BEGIN SUPPLIED DATA
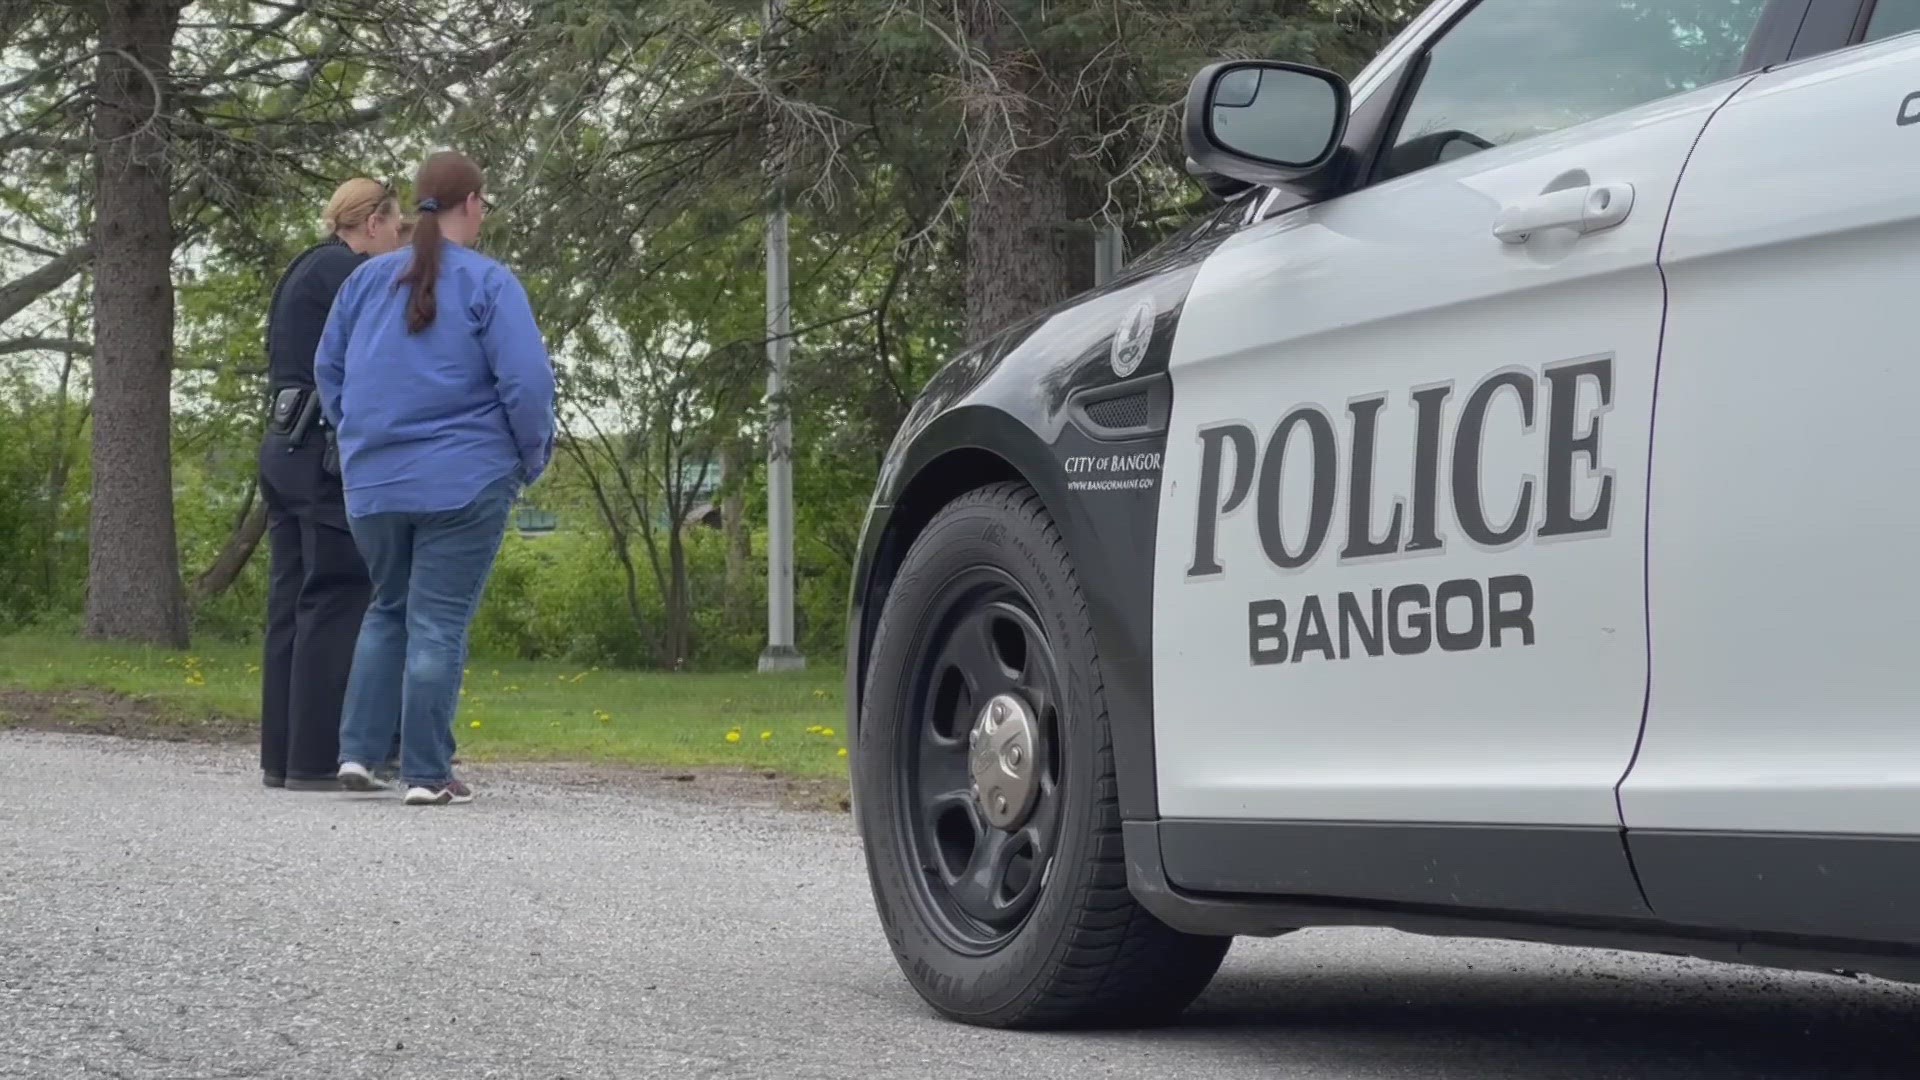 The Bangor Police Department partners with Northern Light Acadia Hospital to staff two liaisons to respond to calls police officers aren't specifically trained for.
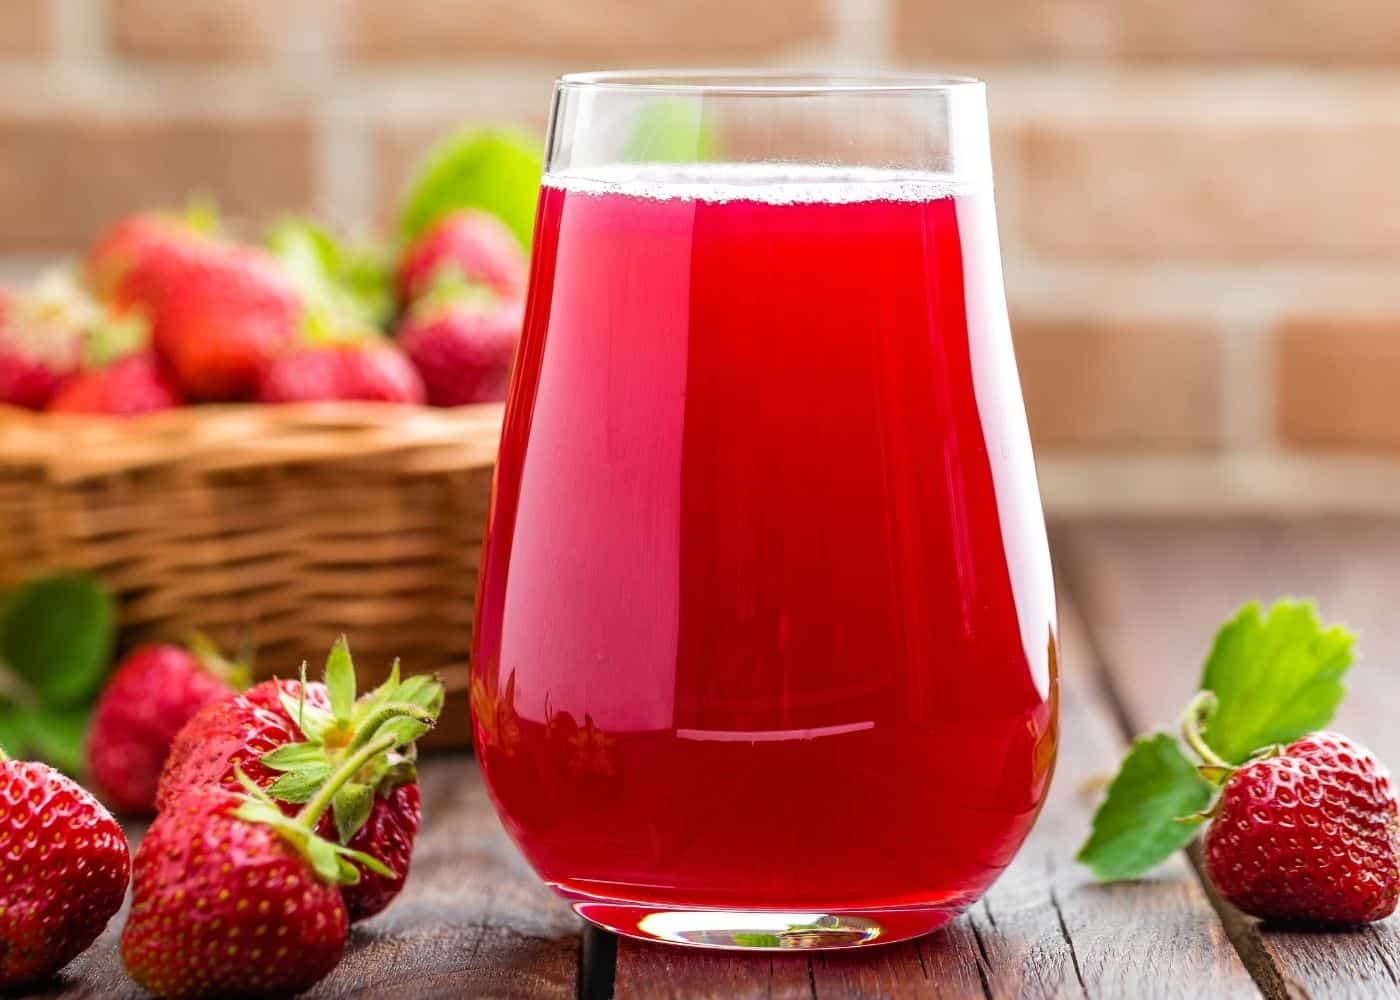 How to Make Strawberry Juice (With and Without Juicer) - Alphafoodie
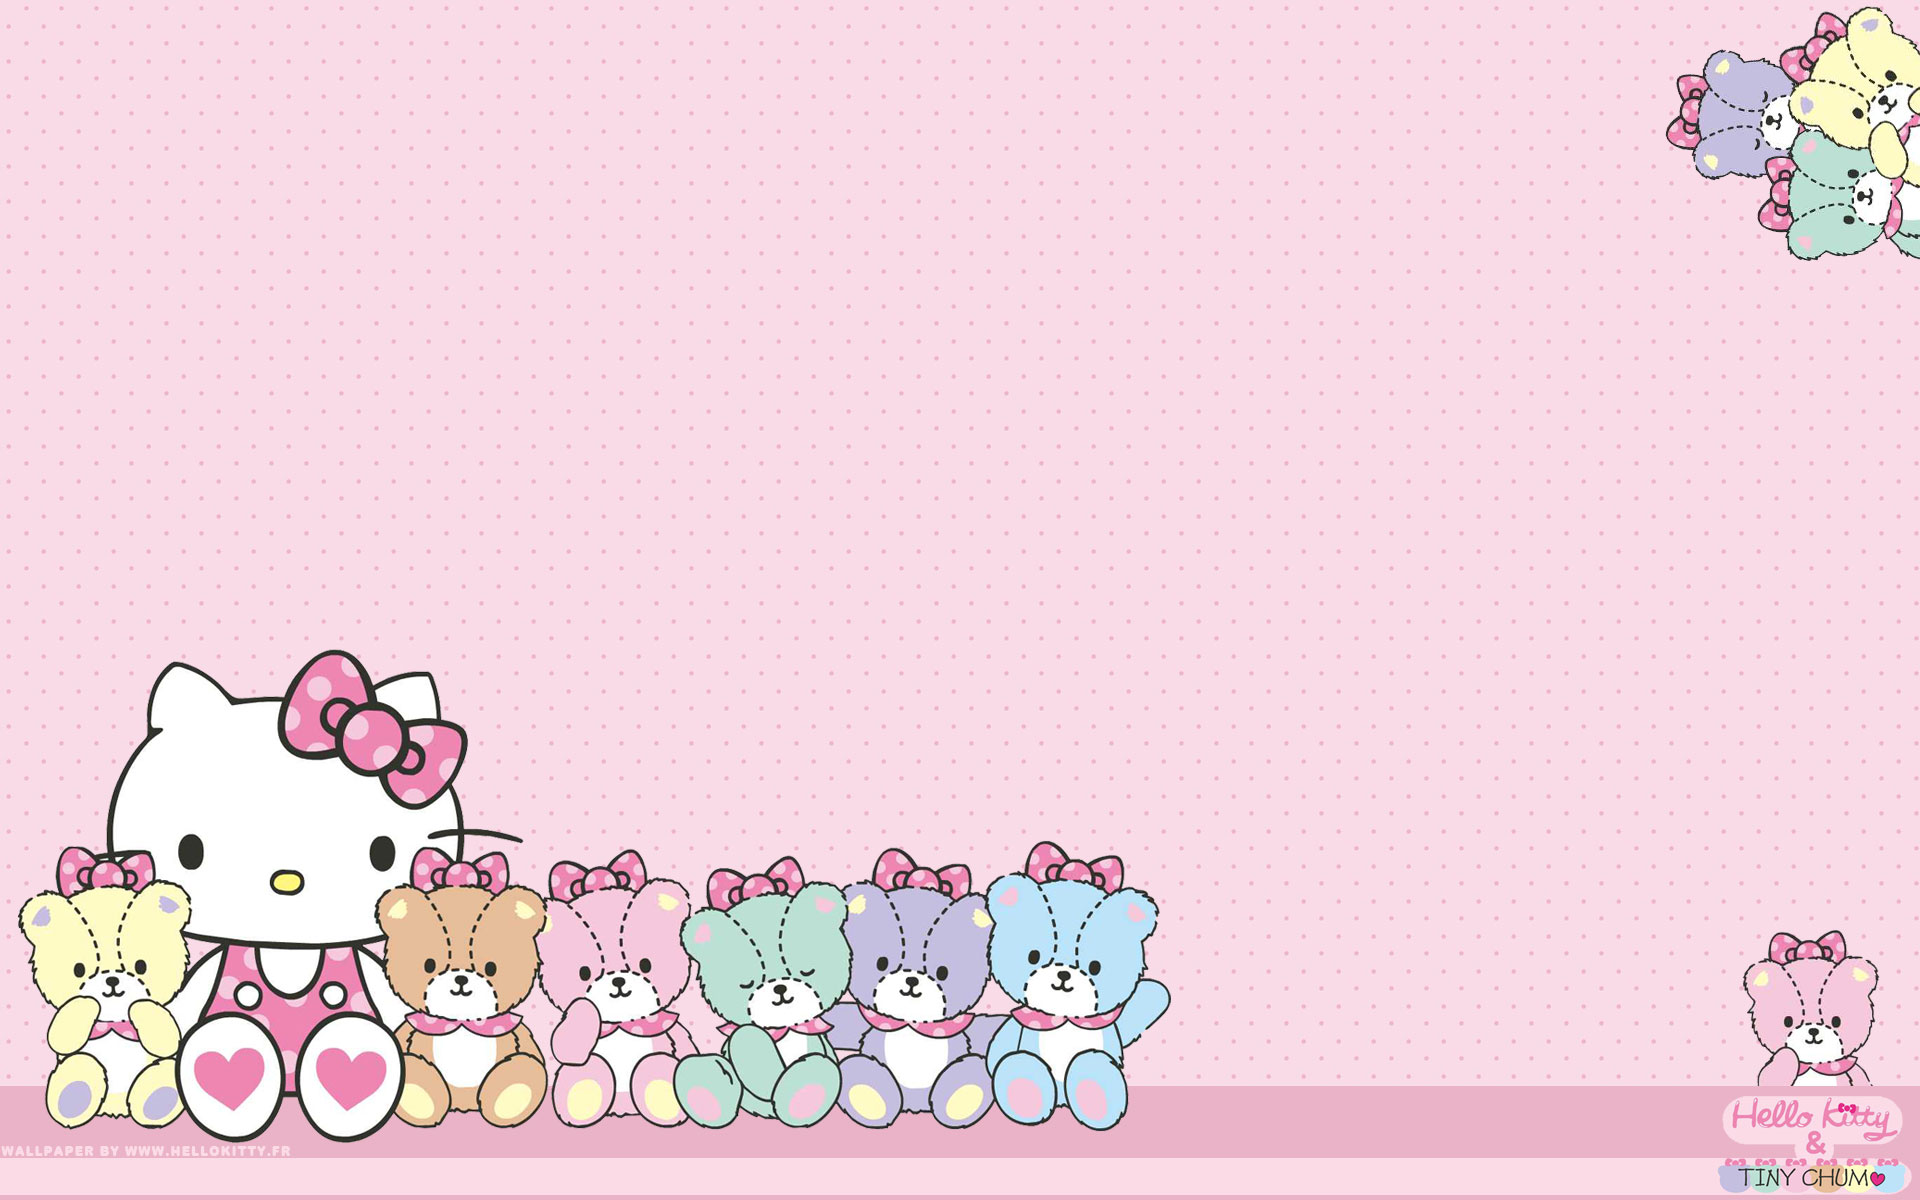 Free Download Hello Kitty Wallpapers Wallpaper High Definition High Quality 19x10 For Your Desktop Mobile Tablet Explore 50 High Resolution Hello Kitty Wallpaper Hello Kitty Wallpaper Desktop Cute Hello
END SUPPLIED DATA
YOUR GOAL:
Beginning with the line that contains "How to Make" and ending with the final line of the listing, return each line exactly. Omit all pictures.

RESULT BELOW:
 How to Make Strawberry Juice (With and Without Juicer) - Alphafoodie
 Free Download Hello Kitty Wallpapers Wallpaper High Definition High Quality 19x10 For Your Desktop Mobile Tablet Explore 50 High Resolution Hello Kitty Wallpaper Hello Kitty Wallpaper Desktop Cute Hello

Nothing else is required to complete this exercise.